Il est difficile, voire impossible de separer la religion juive de l'Etat d'Israel, car si on veut etre impartial, il faut reconnaitre tout de meme que les fondements de l'Etat puisent dans la tradition religieuse. A ce propos, on pourrait rappeler ce que declara Yaacov Hazan, l'un des deux chefs historiques du tres marxiste Hashomer Hatzair: "Nous avions voulu construire une jeunesse nouvelle liberale, democratique mais aussi respectant les fondements de la tradition, nous avons obtenu une jeunesse ignorante de ses sources, pronant l'extremisme de droite comme de gauche". Mais Yaacov Hazan avait oublie de preciser que lui, et Meir Yaari (le deuxieme chef historique de l'Hashomer Hatzair), mais aussi la plupart des peres fondateurs et les "haloutzim" (pionniers) etaient tous passes par la Yechiva!

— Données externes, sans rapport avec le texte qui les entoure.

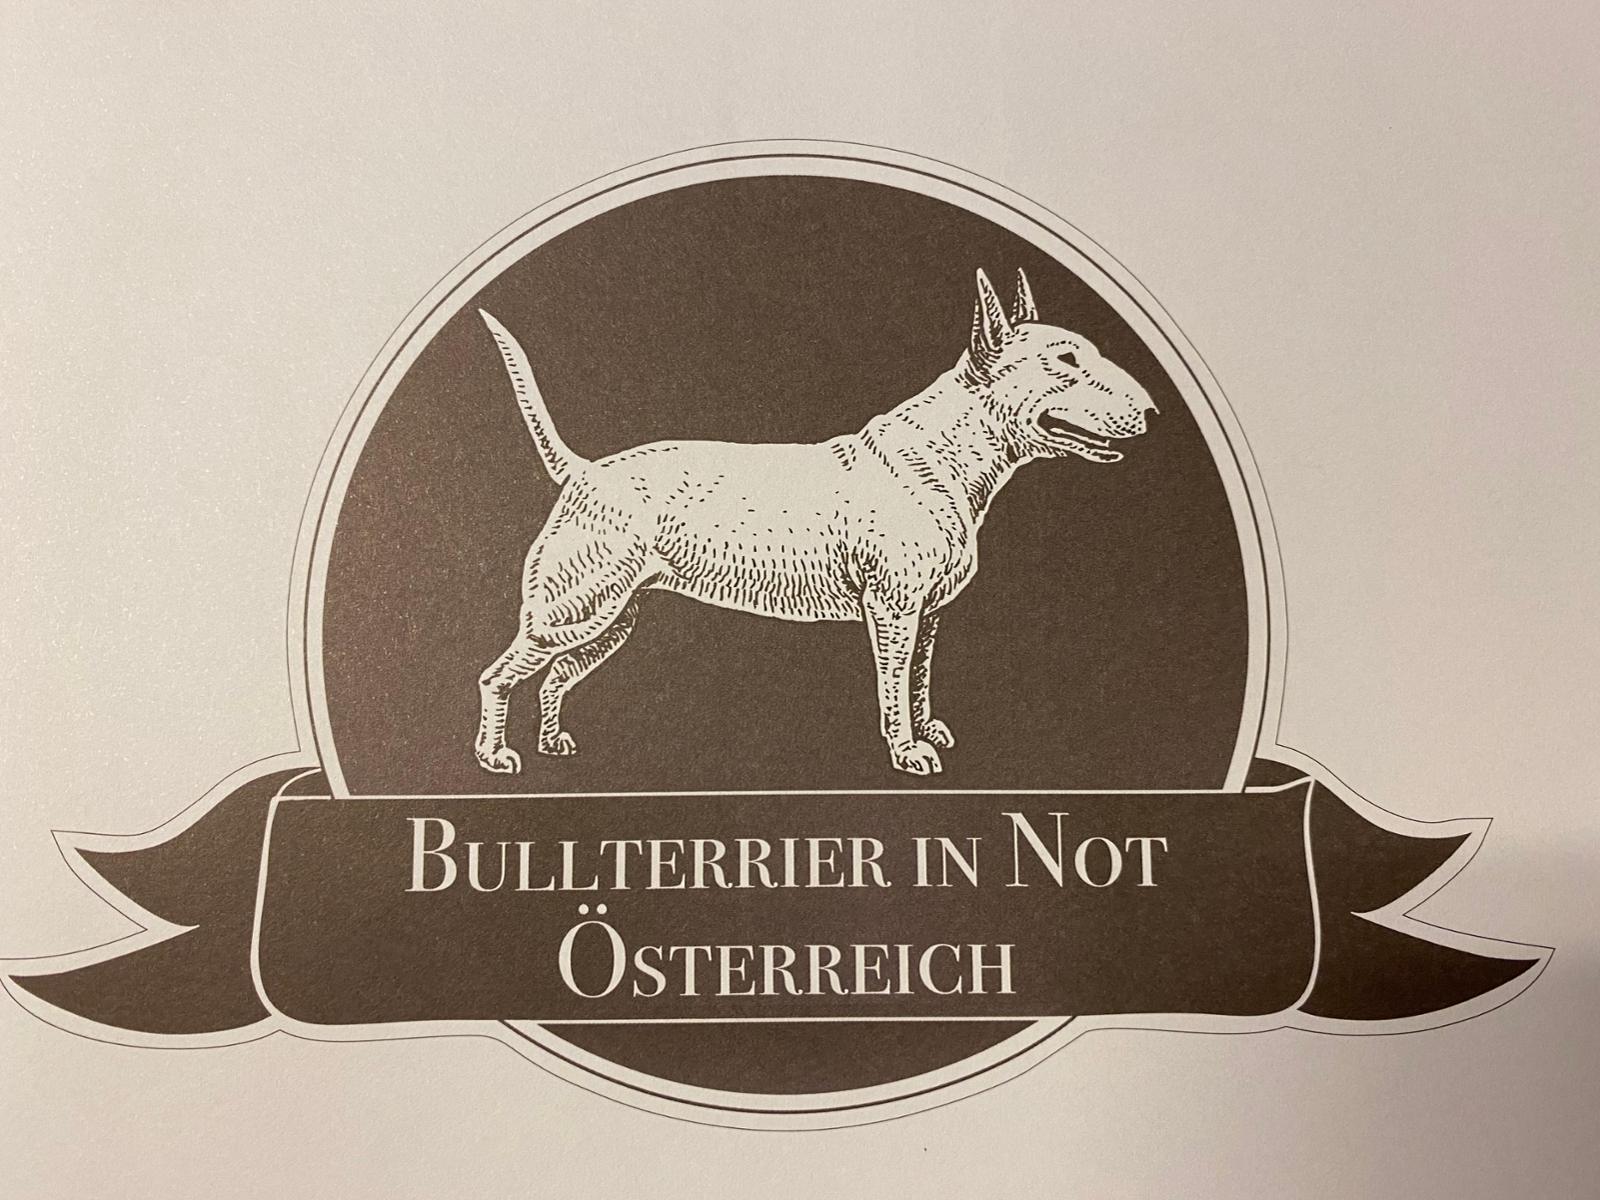 Bullterrier in Not Österreich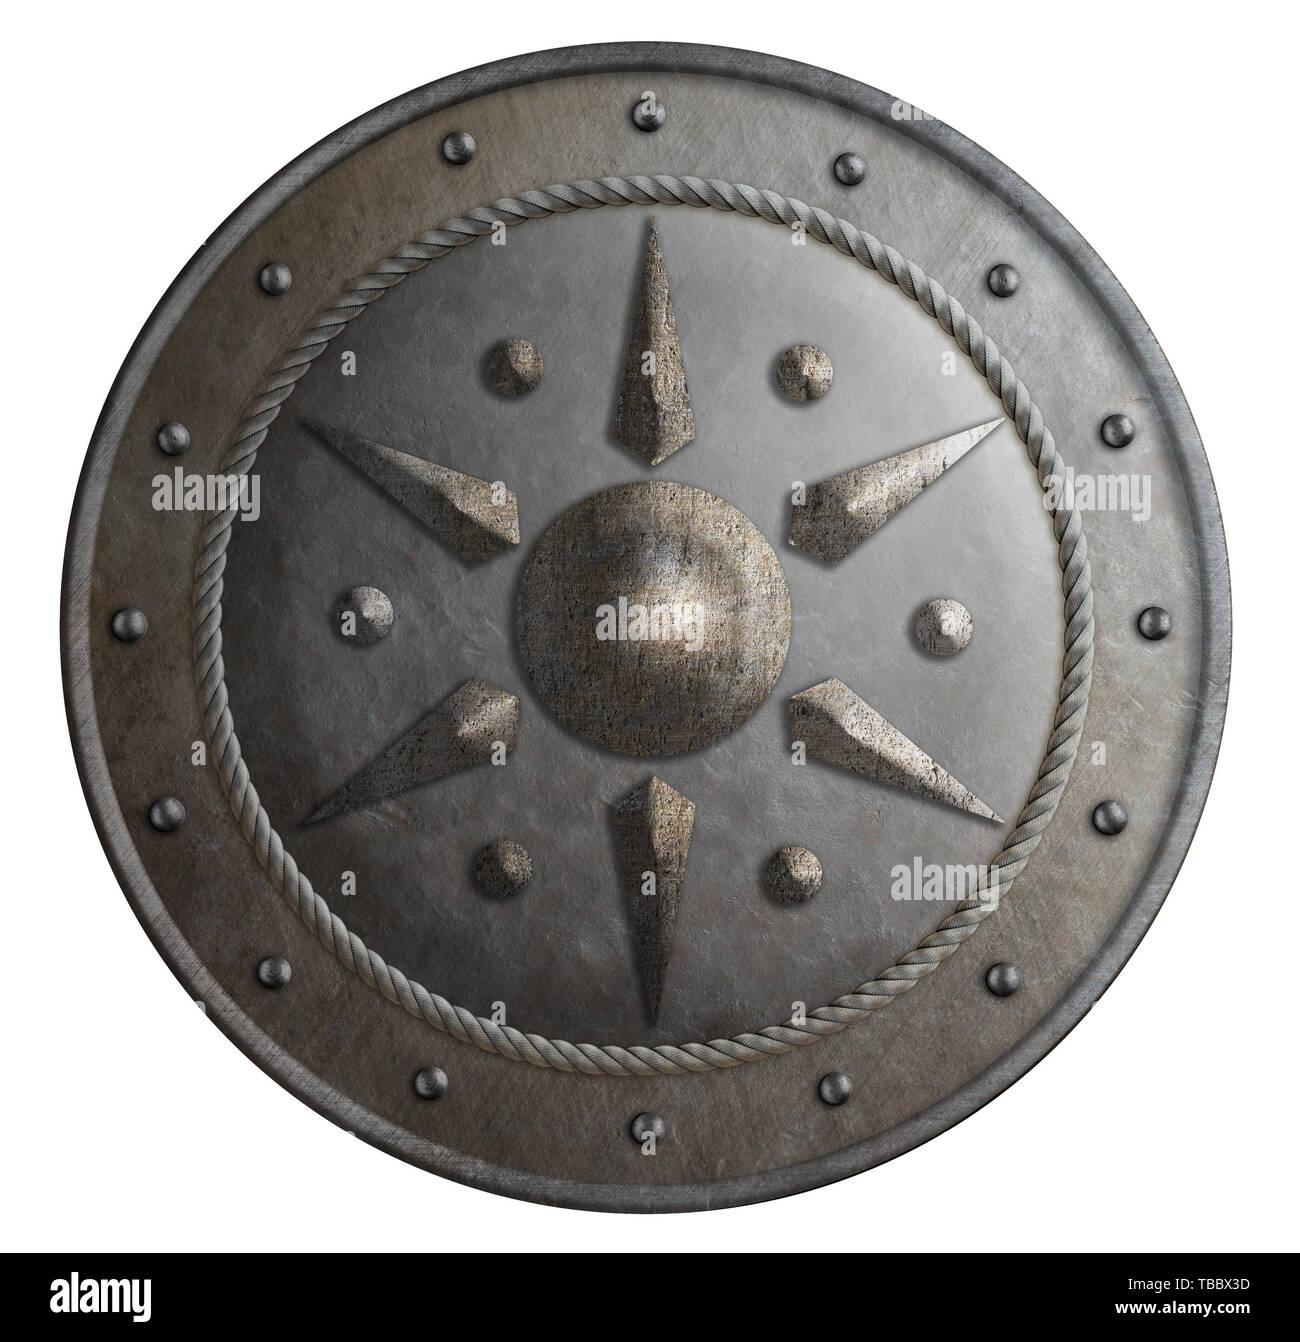 Runde Metallabdeckung isoliert 3 Abbildung d Stockbild

Et aujourd'hui, plus aucun jeune (sauf ceux des yeshivot) ne connaissent rien des fondements traditionnels de l'Etat d'Israel, car l'Histoire se termine avec la destruction du 2e Temple et renait avec Herzl. Et au milieu c'est un vide abyssal. Cela peut expliquer pourquoi la religion revient en force, que les religieux participent aux elections a plus de 90% d'entre eux, alors que les laics profitent de ce jour ferie pour aller se promener.
Et on en arrive a ce gouvernement qui fait peur.